Le sommet entre l'Union européenne et les pays de la Communauté des Etats d'Amérique latine et des Caraïbes s'est achevé jeudi. Dans le continent sud-américain, la Chine supplante les Européens et devient un partenaire incontournable.
Les dirigeants de la Communauté des Etats d'Amérique latine et des Caraïbes (Celac, 33 pays) qui ont participé au sommet avec ceux de l'Union européenne (UE) mercredi et jeudi à Bruxelles ne sont pas rentrés pas les mains vides. En deux jours, les Vingt-Huit se sont engagés à financer divers programmes (infrastructures, développement durable, télécommunications, petites et moyennes entreprises, environnement) pour un montant de 800 millions d'euros sur cinq ans. De plus, Bruxelles ouvre la voie aux étudiants et chercheurs sud-américains aux programmes Erasmus et Horizon 2020. L'Union a aussi décidé d'exempter les ressortissants colombiens et péruviens de visa pour voyager dans l'espace Schengen.
Une telle générosité faite au nom des relations historiques et d'un avenir commun face à de nombreux défis mondiaux (changement climatique, immigration, insécurité) ne cache toutefois pas une réalité: l'érosion de l'influence européenne en Amérique du Sud au profit de nouveaux acteurs comme l'Inde, la Corée du Sud, mais surtout la Chine.
A l'issue du sommet, les présidents du Conseil européen, Donald Tusk, et de la Commission, Jean-Claude Juncker, ont les deux souligné avec force que l'UE tient à consolider ses relations avec la Celac, notamment en contribuant au développement économique de cette partie du monde. Mais aux yeux de Sebastian Santander, professeur d'économie politique à l'Université de Liège (Belgique), les 800 millions d'euros qu'offre l'UE ne permettront pas de marquer une forte présence. «C'est du saupoudrage, ironise-t-il. Car, durant la même période, la Chine y consacrera plusieurs milliards. Rien qu'en 2014, les investissements chinois en Amérique latine ont atteint 20 milliards de dollars.» Dans l'ensemble toutefois, les Européens restent les premiers investisseurs avec un total de 385 milliards d'euros.
Outre la forte présence des Asiatiques, la marginalisation de l'UE en Amérique du Sud a encore d'autres raisons. «Tous les pays européens n'y ont pas les mêmes intérêts, poursuit le professeur liégeois. Pour des raisons historiques et culturelles, l'Espagne, le Portugal et, dans une moindre mesure, l'Italie sont les meneurs.
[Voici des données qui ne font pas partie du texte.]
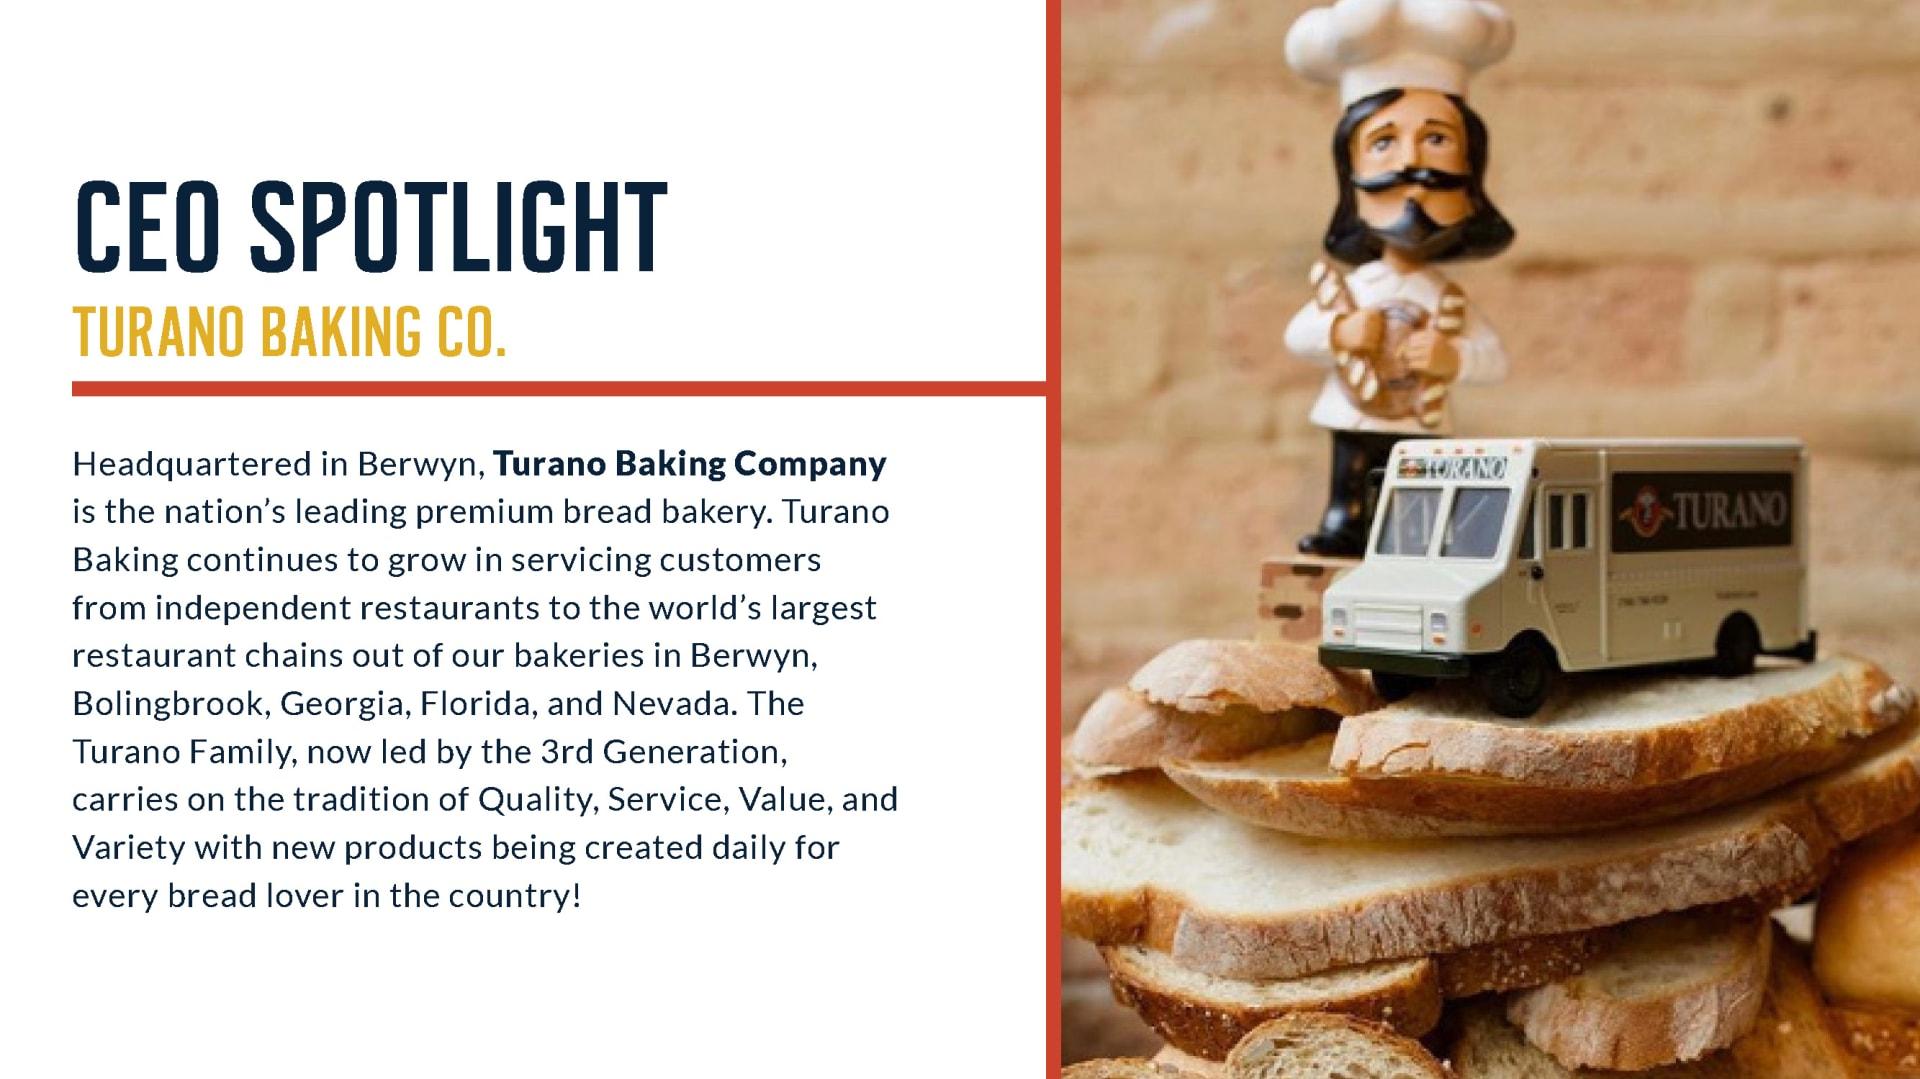 CEO-Spotlights-2020_Page_5-w1920.jpg

L'Allemagne, la France et les Pays-Bas sont intéressés surtout par le commerce, alors que les nouveaux membres de l'Union - ceux de l'Est - n'ont aucun lien avec ce continent.»
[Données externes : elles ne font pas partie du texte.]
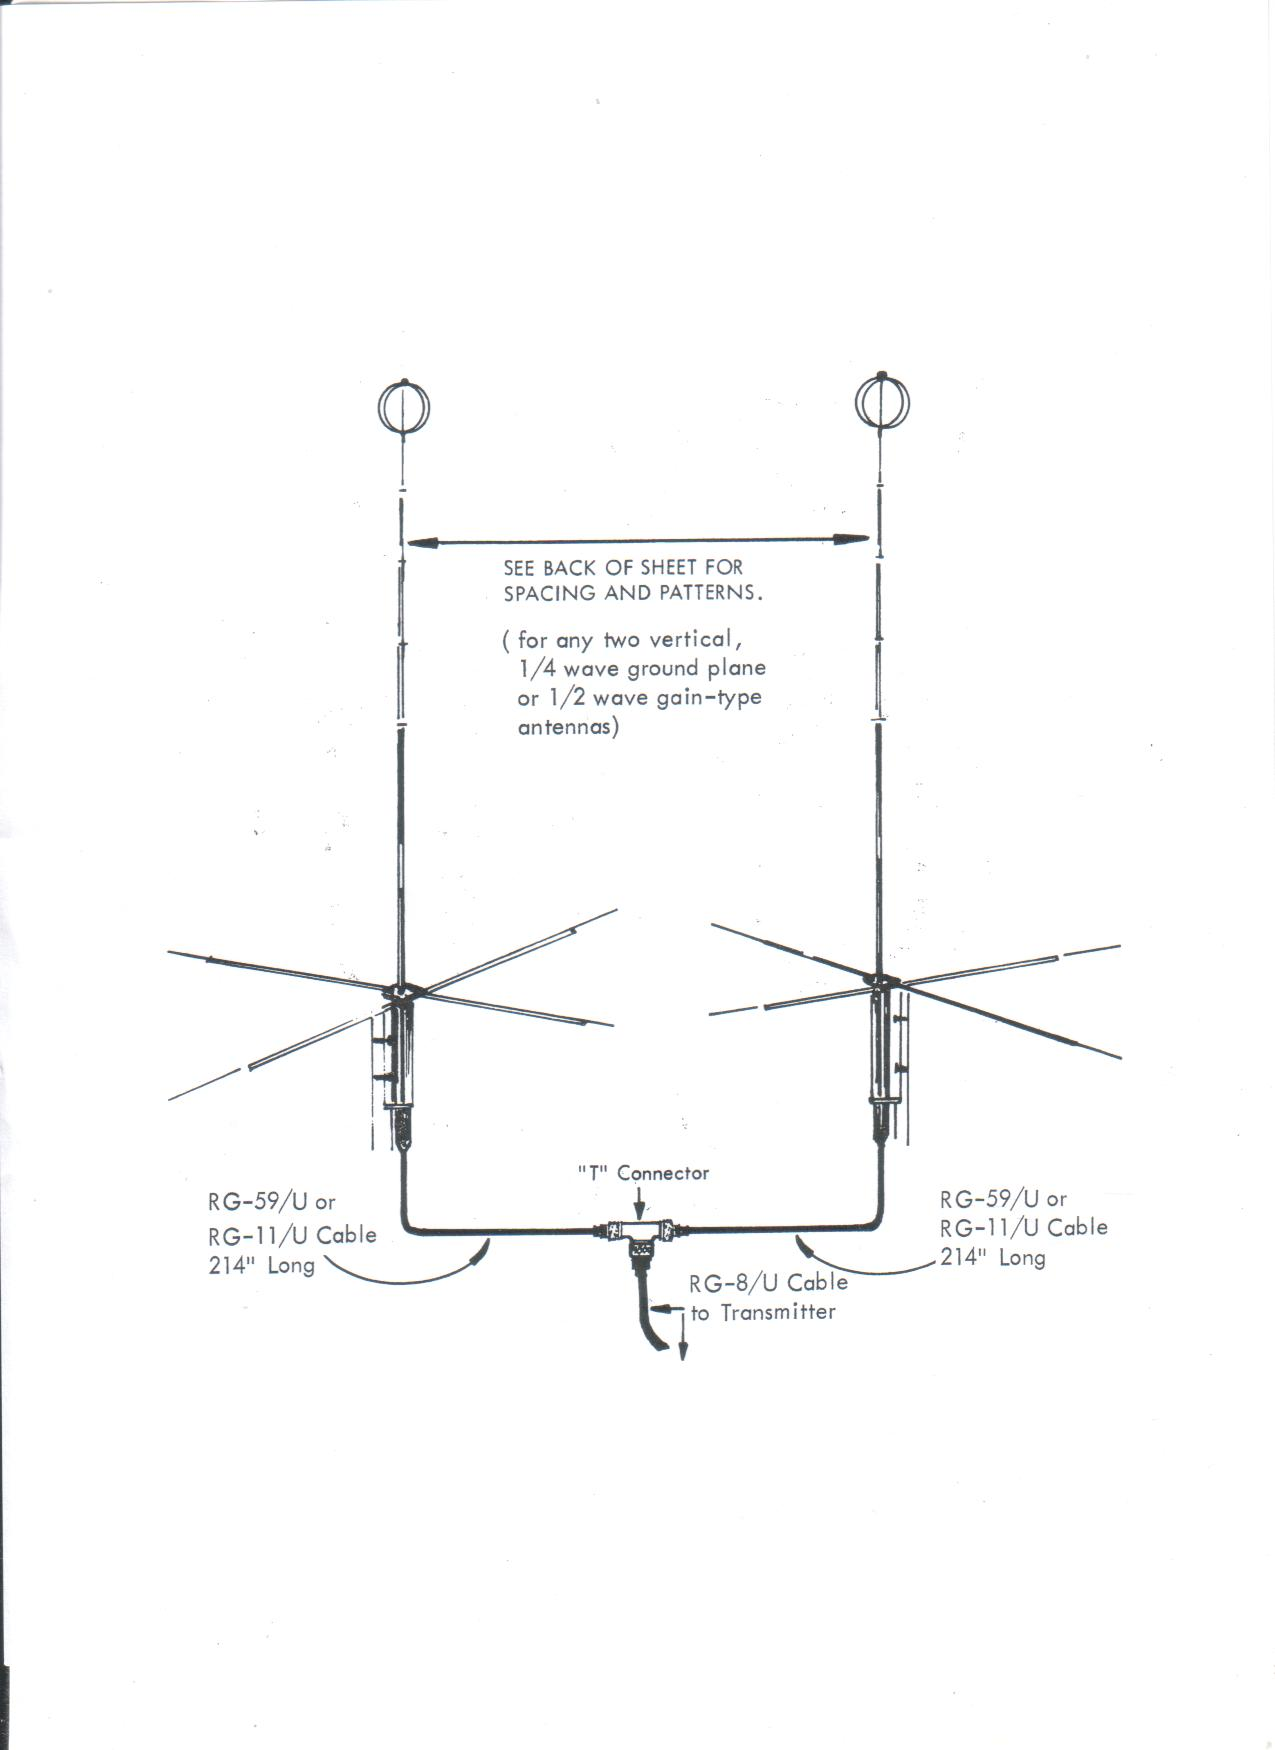 er plane videos with Co Phased Antennas on ShowFile besides Co Phased Antennas additionally Vulkan Ansichten Des Pla en Merkur additionally Plane park furthermore Pla en.

Pour le professeur Santander, si l'Europe perd pied en Amérique du Sud, mais aussi dans d'autres continents, c'est qu'elle est phagocytée par ses propres problèmes internes et externes depuis au moins une décennie. «La crise institutionnelle, la crise économique et sociale et l'élargissement laissent peu d'énergie à consacrer au monde extérieur», analyse-t-il. Sebastian Santander rappelle que l'Union a mis en place plusieurs plateformes de dialogue politique avec la Celac, mais le soufflé est tombé très vite. Par ailleurs, les pays d'Amérique latine ne sont pas homogènes, ce qui a pour conséquence que les initiatives européennes peinent à se concrétiser. Par exemple, le projet de créer une zone de libre-échange avec le Mercosur (Brésil, Argentine, Venezuela, Uruguay, Paraguay et Bolivie) est en panne depuis plusieurs années. A ce propos, Jean-Claude Juncker a annoncé hier son intention de le relancer.
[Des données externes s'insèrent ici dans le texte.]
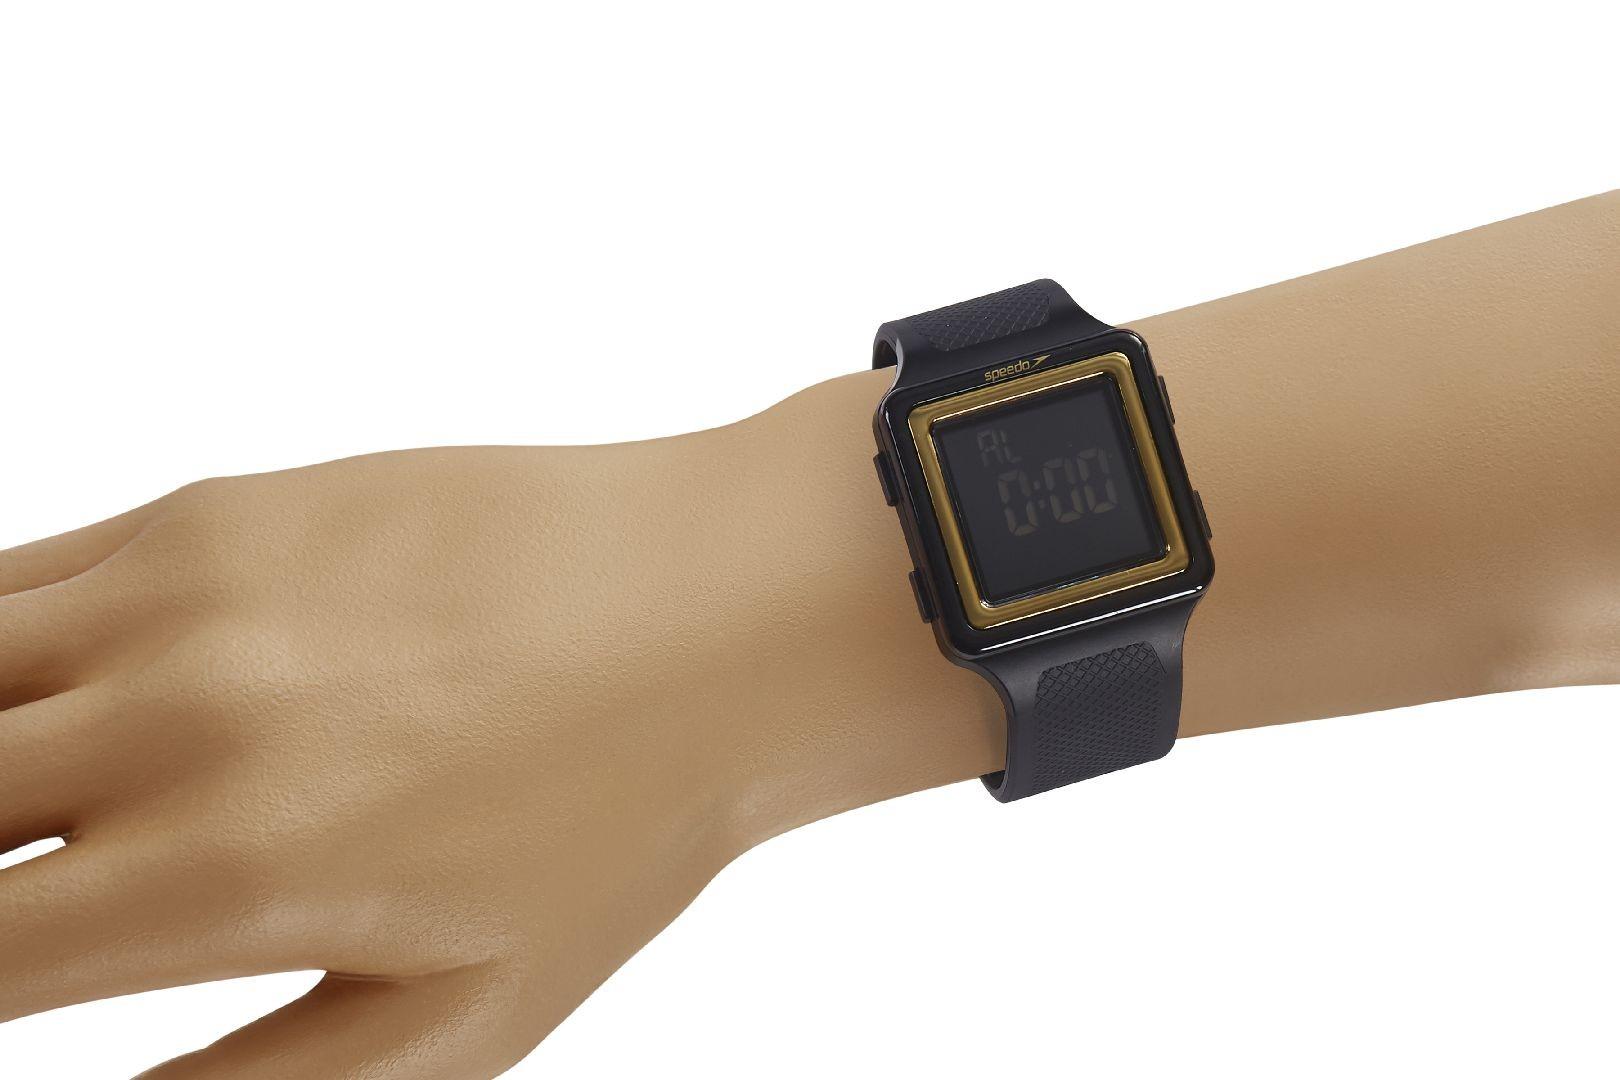 Relógio Masculino Speedo Pulseira de Poliuretano Preta Fundo LCD Negativo 80650G0EVNP1

Les dirigeants européens n'ont pas évoqué le facteur chinois lors du sommet. Mais les faits sont là. Pékin dispose d'une réserve de guerre de 3800 milliards de dollars, ce qui lui permet d'investir massivement là où ses intérêts stratégiques sont en jeu. En mai dernier, le premier ministre chinois Li Keqiang a donné le coup d'envoi d'une ligne ferroviaire de 5300 km traversant les territoires brésilien et péruvien à travers l'Amazonie et la Cordillère des Andes, ce qui facilitera le transport des matières premières nécessaires à la Chine. Cette «route de la soie» en Amérique latine coûtera entre 10 et 30 milliards de dollars et devrait être inaugurée en 2020. Au fils des années, certains pays sont devenus dépendants de la Chine. Le Paraguay, par exemple, écoule 50% de sa production de soja sur le marché chinois.
«L'Europe ne doit toutefois pas baisser les bras, déclare Sebastian Santander. Elle doit s'associer avec d'autres régions du monde, comme elle le fait avec le projet d'accord transatlantique de libre-échange avec les Etats-Unis, si elle veut encore peser dans la gouvernance du monde.»